To get unique values in a column of a PySpark DataFrame, we can use the `distinct()` method. There are different ways to use `distinct()` depending on whether we want to get unique values from a single column or multiple columns [1][2][4][5][6].
Here is an example of how to get unique values from a single column:
```python
from pyspark.sql.functions import col
# create a sample DataFrame
data = [("Alice", 25), ("Bob", 30), ("Alice", 35), ("Charlie", 40)]
df = spark.createDataFrame(data, ["Name", "Age"])
# get unique values from the "Name" column
unique_names = df.select(col("Name")).distinct().rdd.flatMap(lambda x: x).collect()
print(unique_names)
```
In this example, we first create a sample DataFrame with two columns "Name" and "Age". We then use `select()` to select only the "Name" column, followed by `distinct()` to get the unique values in that column. Finally, we use `rdd.flatMap(lambda x: x).collect()` to convert the result to a list of strings.

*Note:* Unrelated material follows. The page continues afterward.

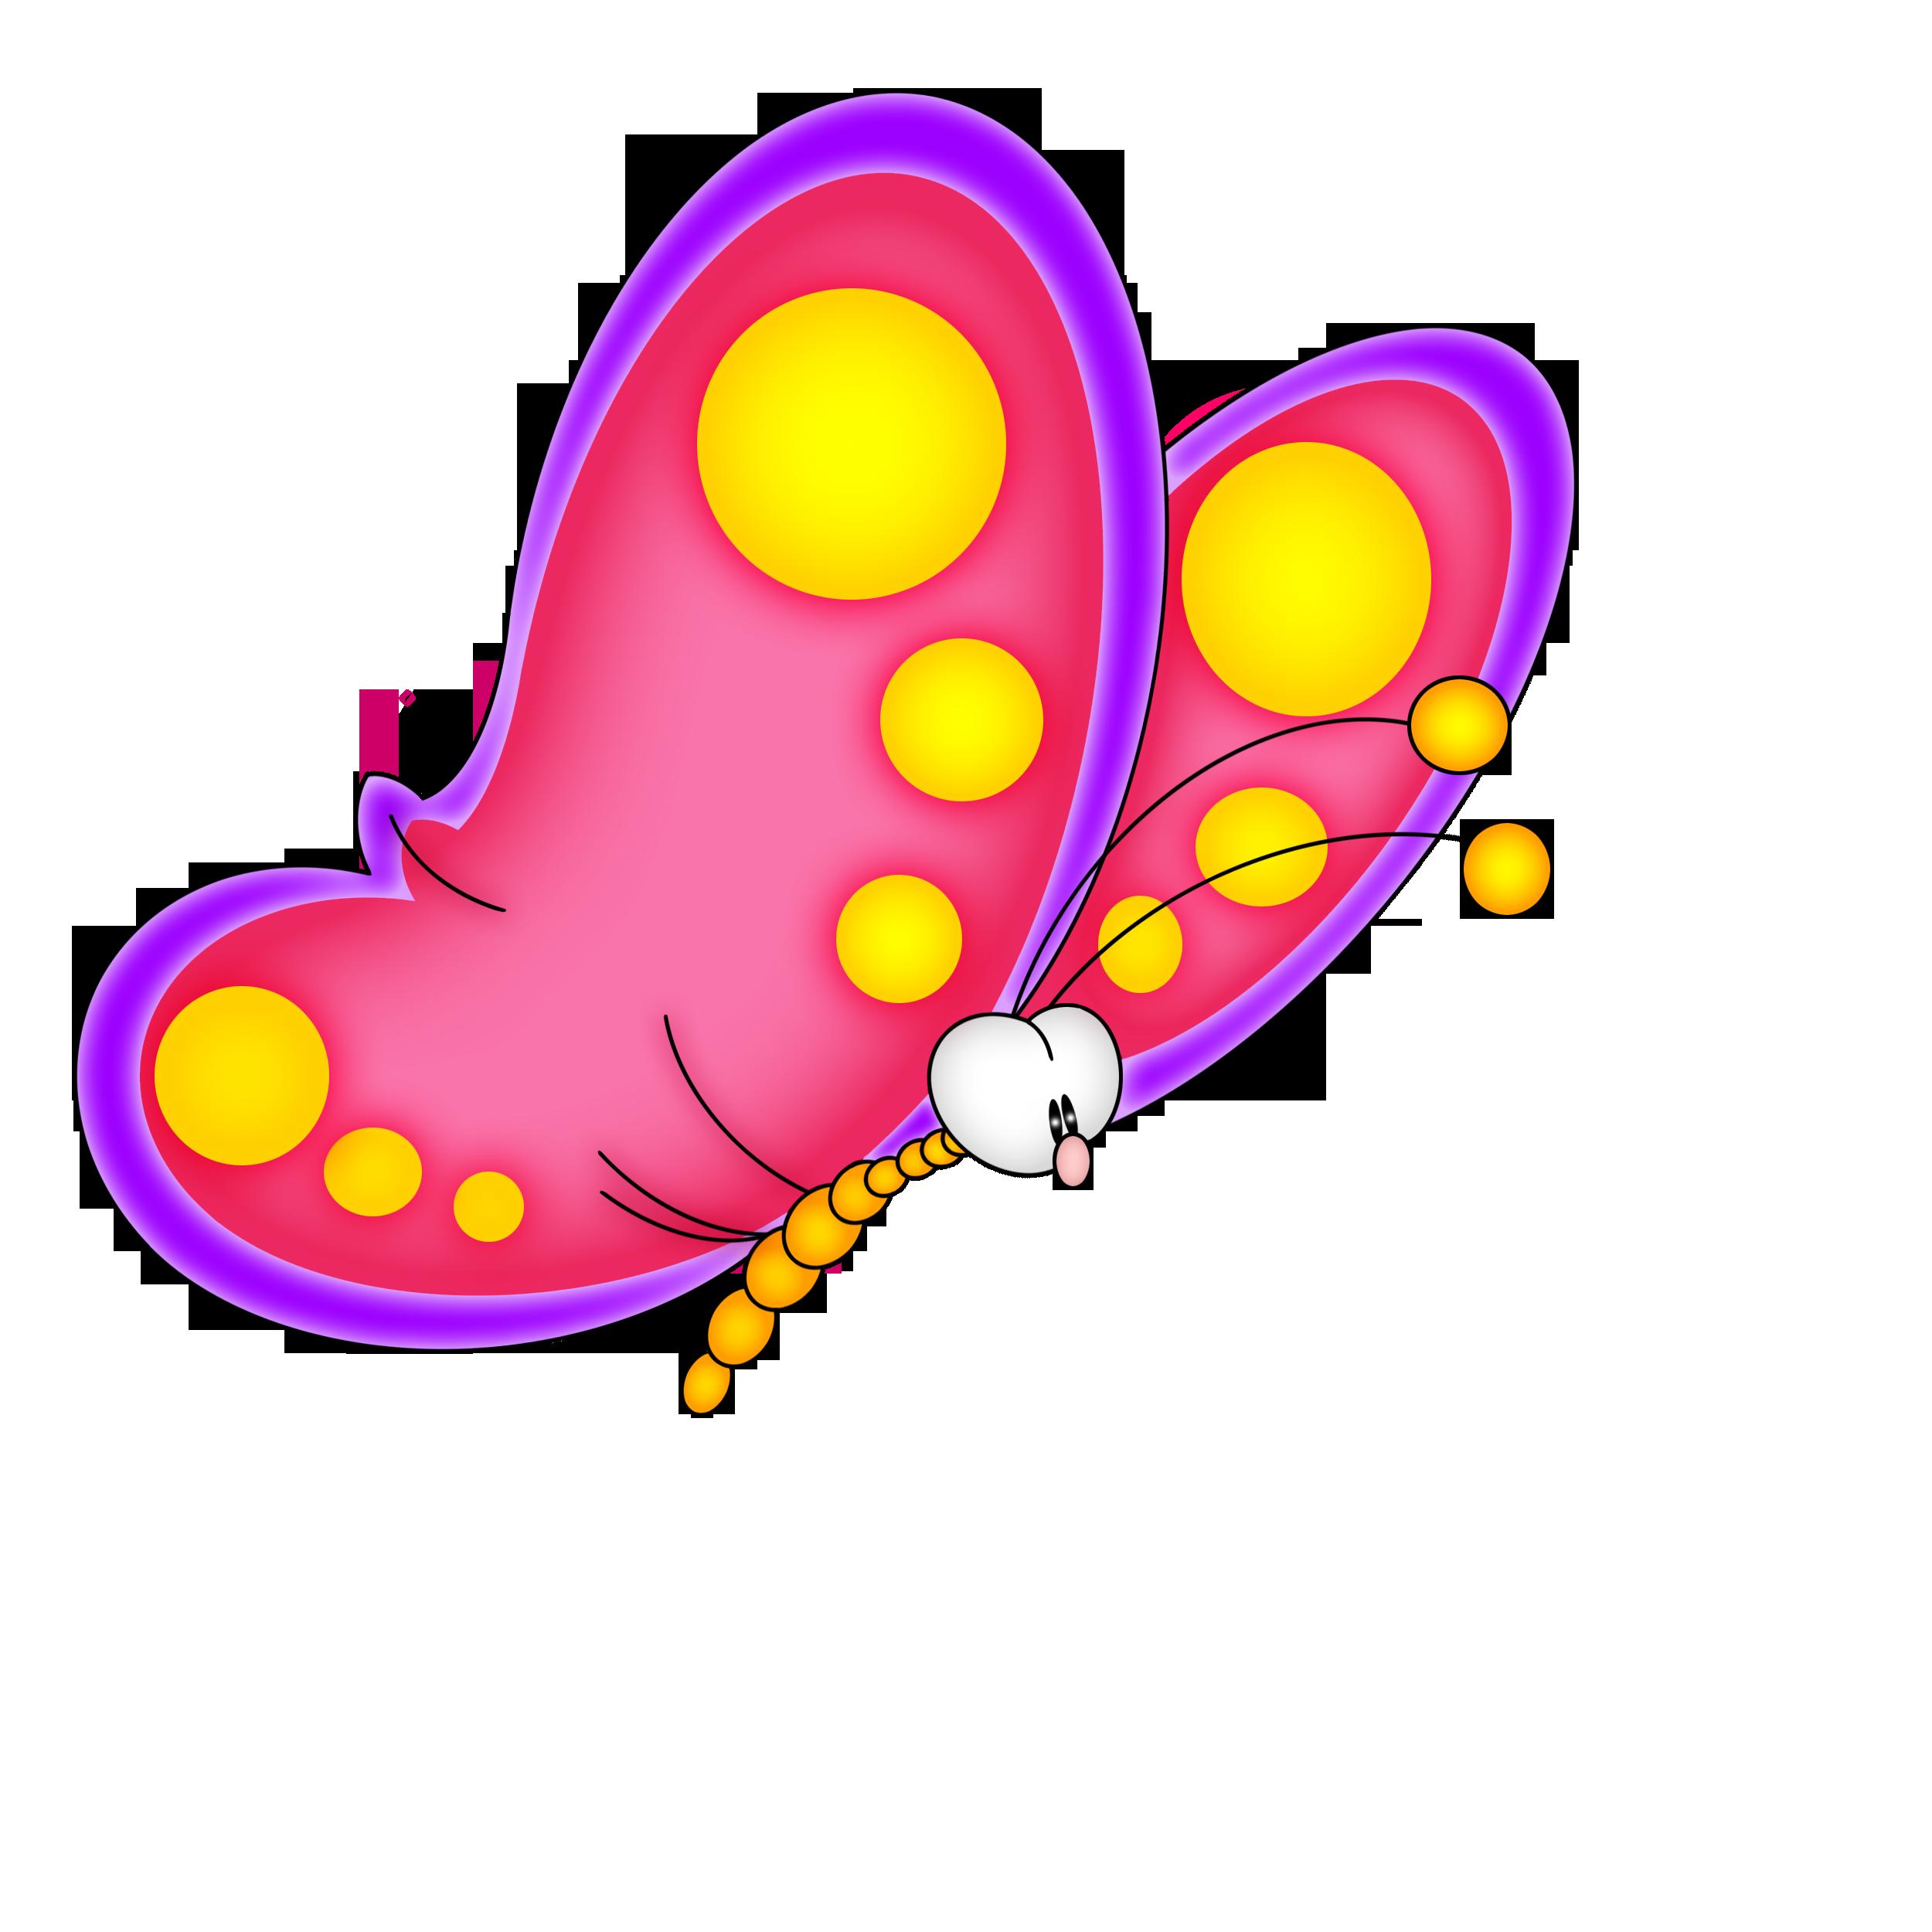 Animales infantiles mariposa - Imagenes animales infantiles ...

Here is an example of how to get unique values from multiple columns:
```python
# create a sample DataFrame
data = [("Alice", 25), ("Bob", 30), ("Alice", 35), ("Charlie", 40)]
df = spark.createDataFrame(data, ["Name", "Age"])
# get unique values from the "Name" and "Age" columns
unique_values = df.select([col(c) for c in df.columns]).distinct().rdd.flatMap(lambda x: x).collect()
print(unique_values)
```
In this example, we use a list comprehension to select all columns in the DataFrame, followed by `distinct()` to get the unique values in all columns. Finally, we use `rdd.flatMap(lambda x: x).collect()` to convert the result to a list of tuples.
Note that `distinct()` returns a new DataFrame with only the distinct rows. If we want to get the unique values as a list, we need to use `rdd.flatMap(lambda x: x).collect()` as shown in the examples above.